No picture belongs in the answer, which must hold exactly the lines from the one with "Red Hexagonal Tiles PBR Texture" through the final line below.

### DATASET EXCERPT
========================================
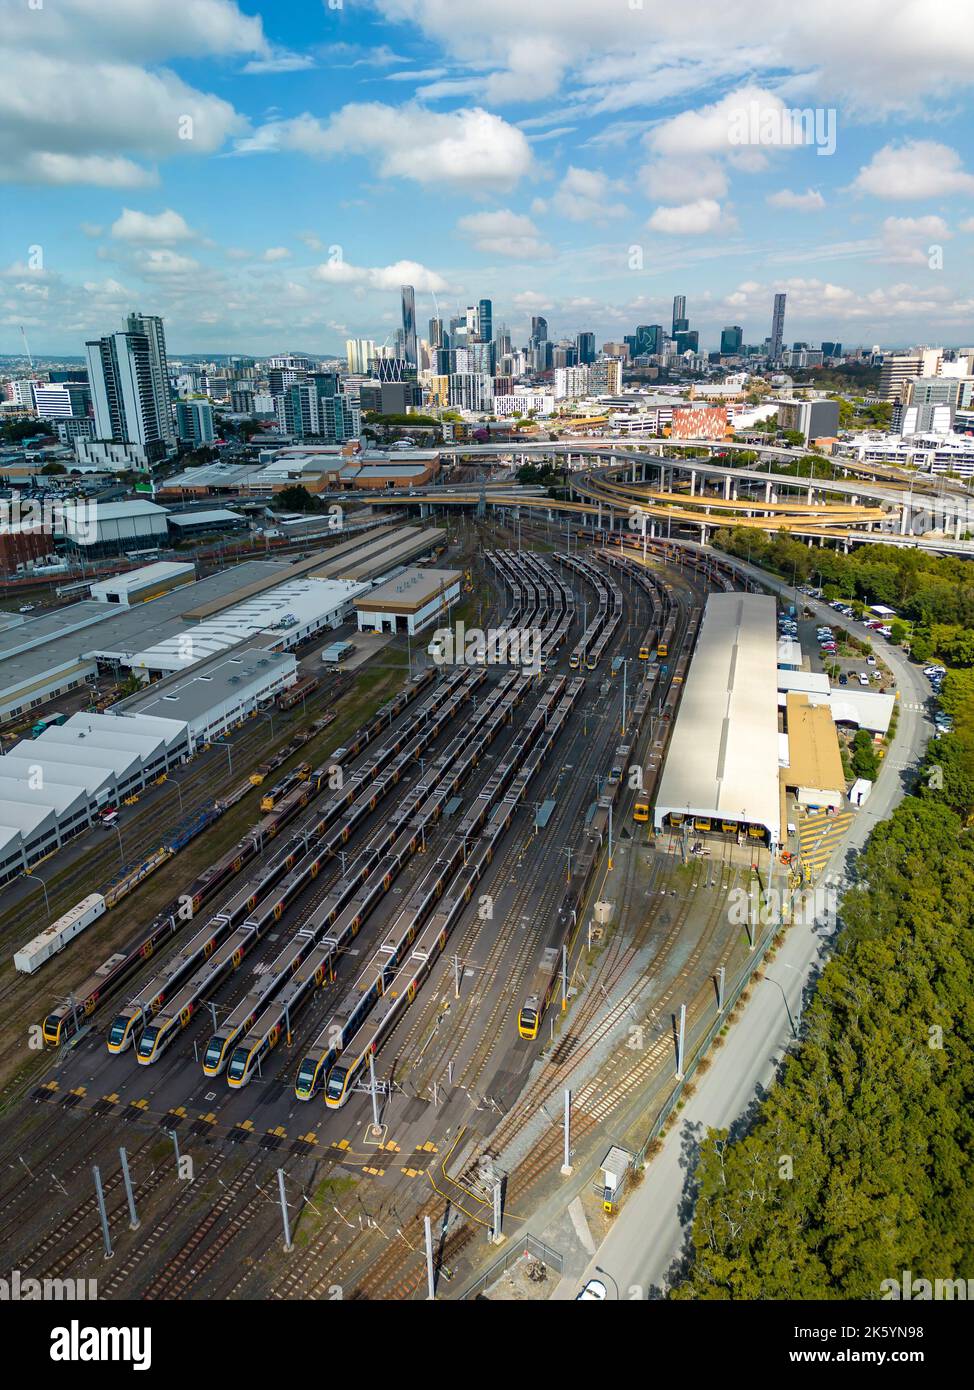 Vue verticale aérienne du dépôt de trains à Brisbane, Australie Banque D'Images
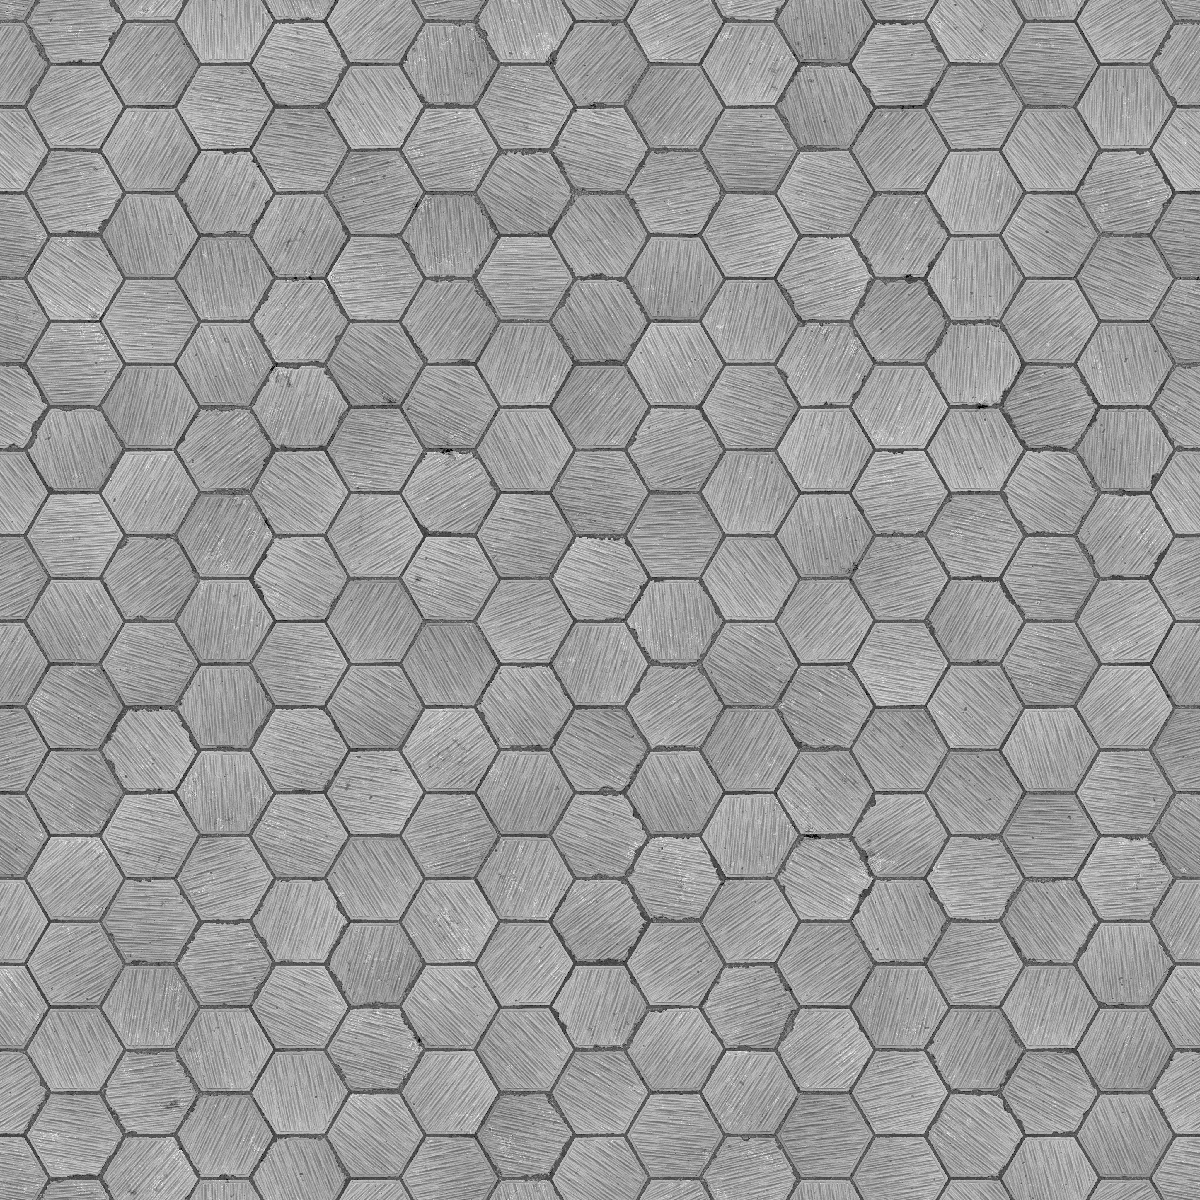 Red Hexagonal Tiles PBR Texture
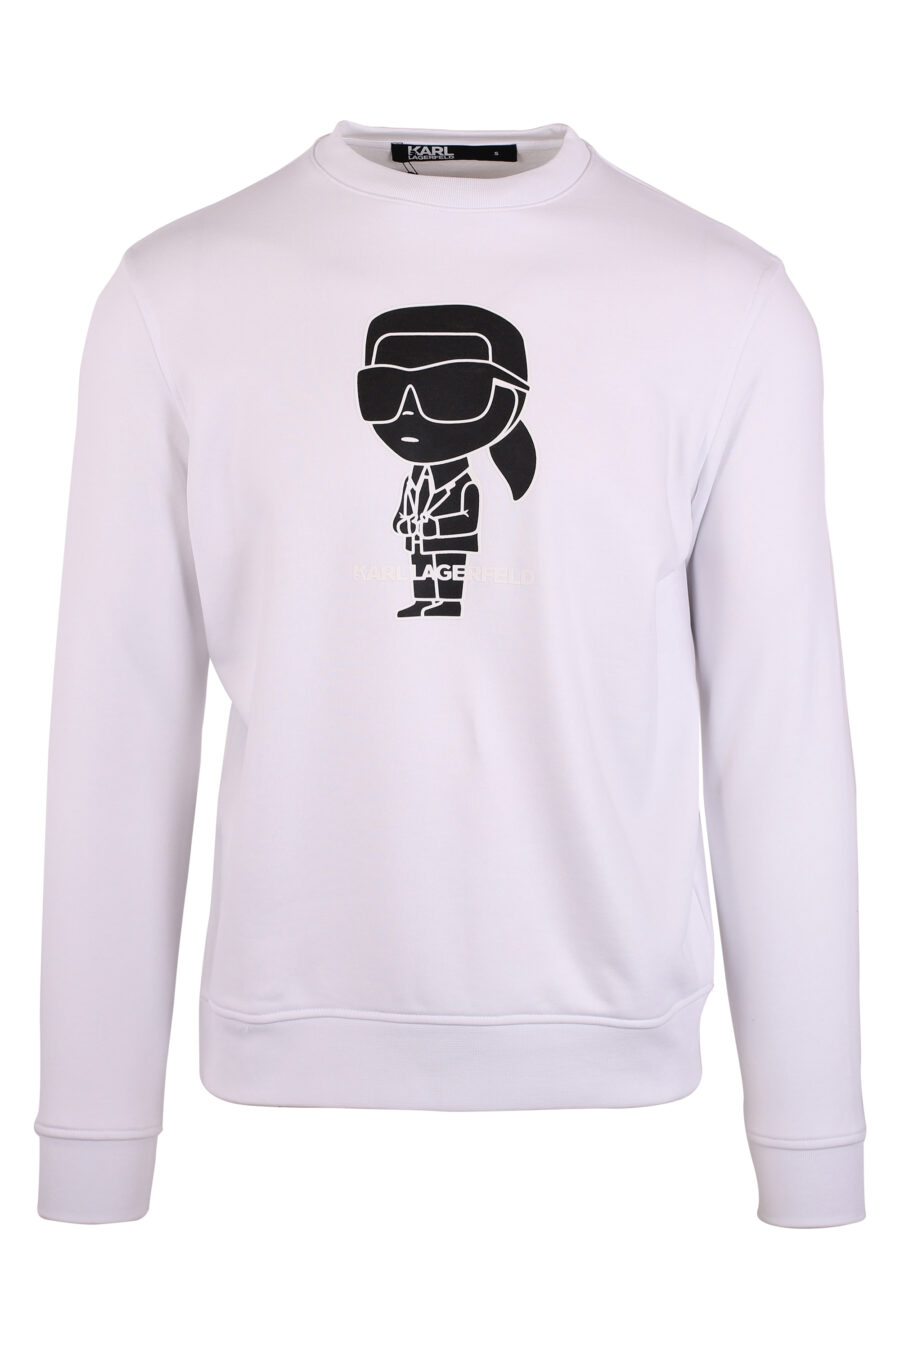 Weißes Sweatshirt mit Maxilogo "karl" in Silhouette - IMG 9476
========================================
### WRITTEN RESPONSE
 Red Hexagonal Tiles PBR Texture
 Weißes Sweatshirt mit Maxilogo "karl" in Silhouette - IMG 9476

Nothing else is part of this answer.